───── Information shown ─────

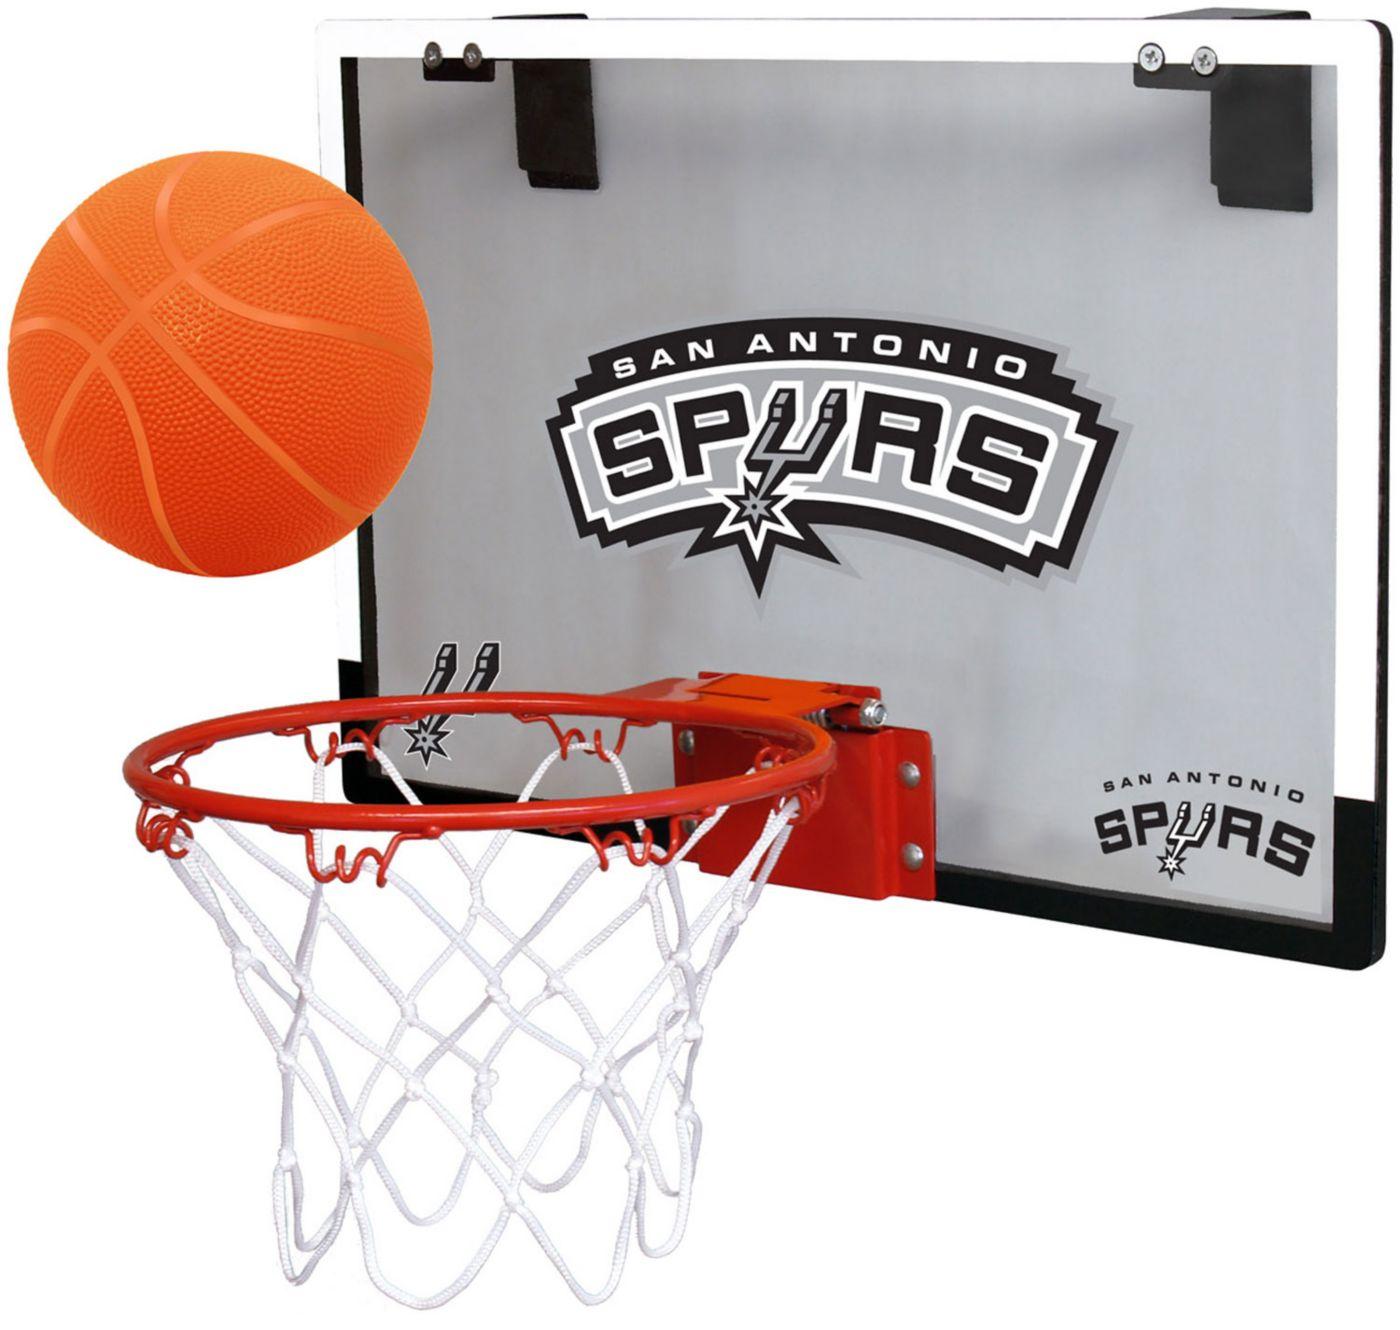 Rawlings San Antonio Spurs Game On Backboard Hoop Set
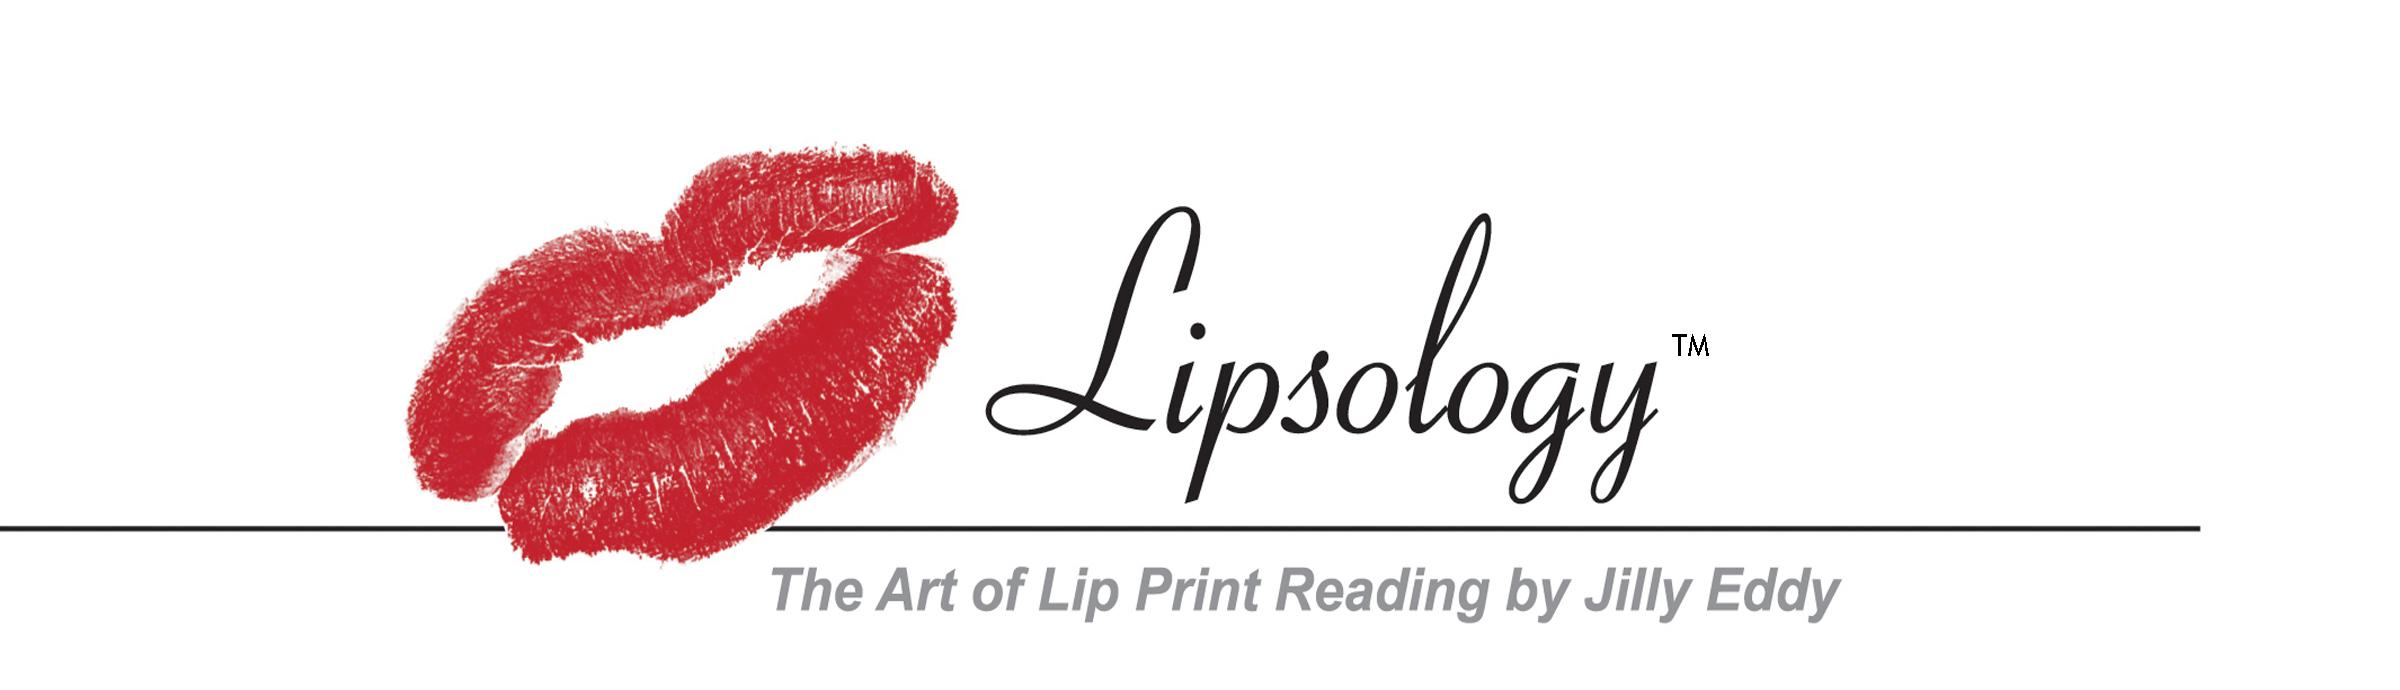 Lipsology
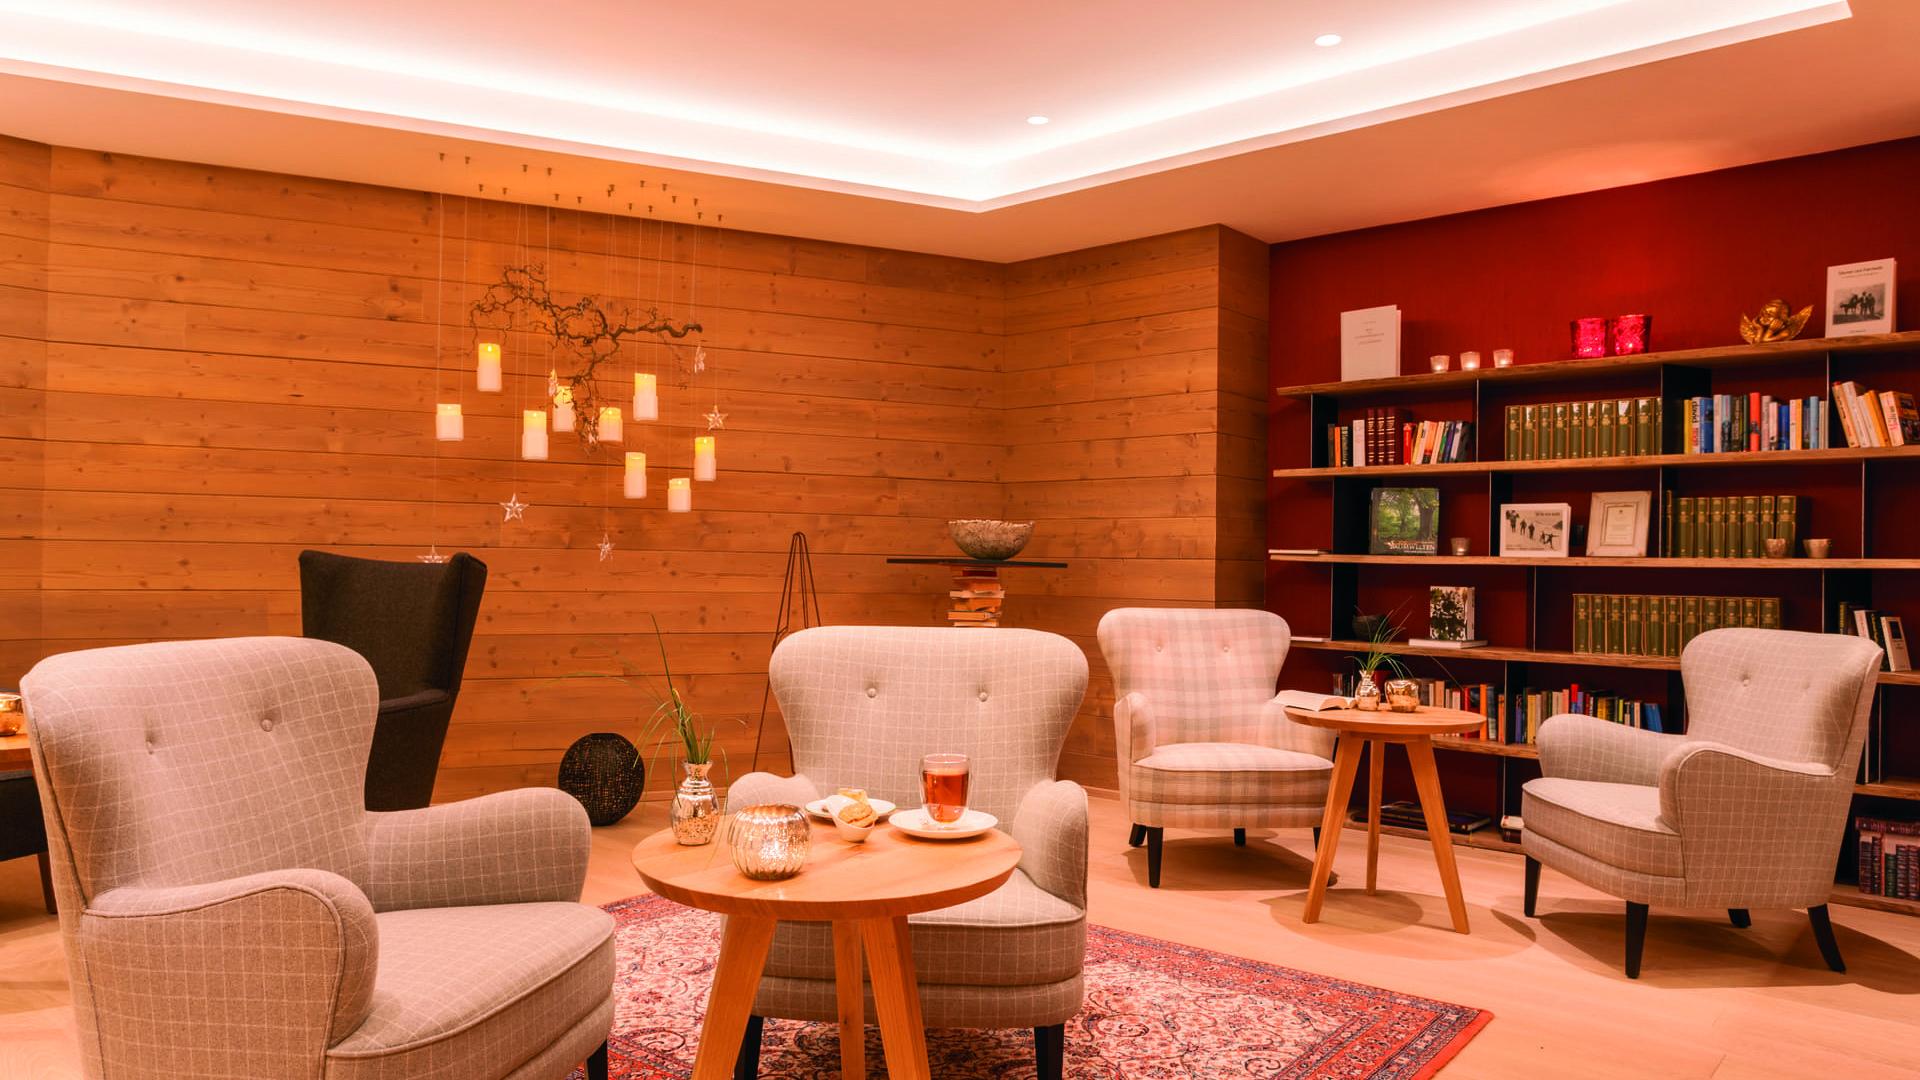 Bibliothek und Leselounge im hotel madlochBlick mit schönen Polstermöbeln und Holzvetäfelung.

─────

[What you will do]: With pictures excluded, output the listing above exactly as it stands.

[Task output]:
 Rawlings San Antonio Spurs Game On Backboard Hoop Set
 Lipsology
 Bibliothek und Leselounge im hotel madlochBlick mit schönen Polstermöbeln und Holzvetäfelung.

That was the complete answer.